Seis años después de su inauguración se levantó en el parque una estatuilla y un memorial —lienzo de grafitis y recuerdo de un caudillo— de Rafael Uribe Uribe, aquel líder, tutor de Olaya Herrera, quien cayera muerto a hachazos un día de octubre de 1914, a manos de dos trabajadores que parecían ser los mercenarios de una vendetta política. Desde su Italia natal, vino el escultor Vittorio Macho a fabricar la obra al pie de la carrera séptima, construyendo una especie de entrada al parque al que se uniría en 2000 otra pieza artística, engendrada por las manos del cartagenero Enrique Grau.
Fueron varias las parejas de novios, amantes, esposos y concubinatos que dieron vueltas en las tazas de té mecánicas, en la llamada rueda panorámica y en los carruseles que se instalaron en los años 60 muy cerca de la carrera quinta, cuando a no más de 100 pasos de las atracciones se podía dar un paseo por el zoológico.
Varios años de descuido fueron resquebrajando poco a poco la belleza y el encanto del Parque Nacional. El metal de las atracciones metálicas se oxidó y a los animales del zoológico los trasladaron a otros parques. A finales de los 80 y principios de los 90, varios tramos lucían como auténticos muladares: la suciedad campeaba y la inseguridad amenazaba a quienes se atrevieran a cruzarlo.
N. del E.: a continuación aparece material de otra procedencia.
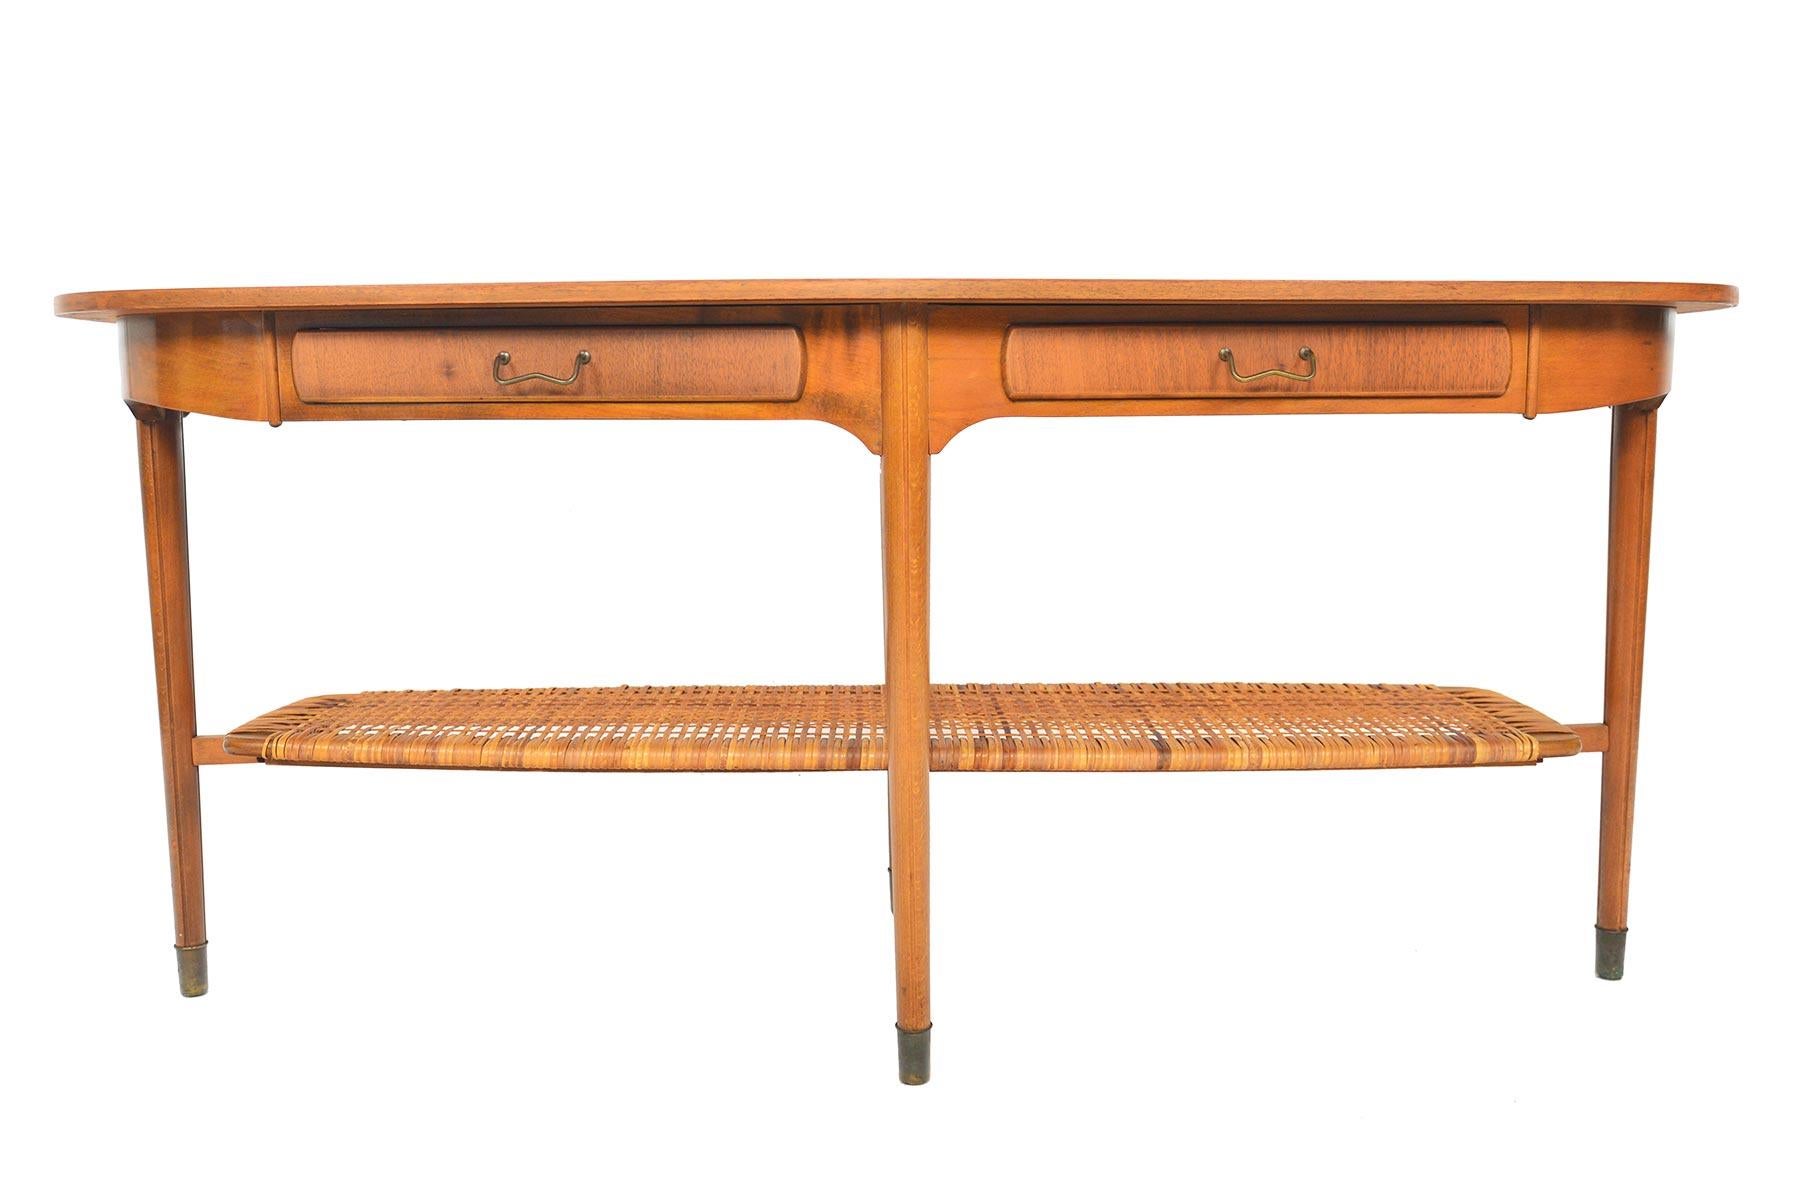 This gorgeous Danish modern walnut coffee table hails from the 1950s. Offering traditional detailing in a modern silhouette, this table offers elegance and exceptional storage! The walnut tabletop houses two drawers with brass pulls. The unique four

La realidad hacía pensar que había llegado el momento de su ocaso.
Con el debut de Antanas Mockus en la Alcaldía de Bogotá, en 1995, se apostó a la redención del parque con una inyección de $1.500 millones que sirvió para restaurar sus monumentos históricos y abrir las puertas a nuevas canchas de voleibol, a una pista de patinaje y a atracciones especialmente pensadas para los niños.
Hoy por hoy, mientras se celebra su cumpleaños número 75, los señores que vieron nacer y crecer sus árboles y senderos recuerdan como en películas a blanco y negro sus paseos, sus primeros besos y alguna que otra frase romántica que ya no asumen.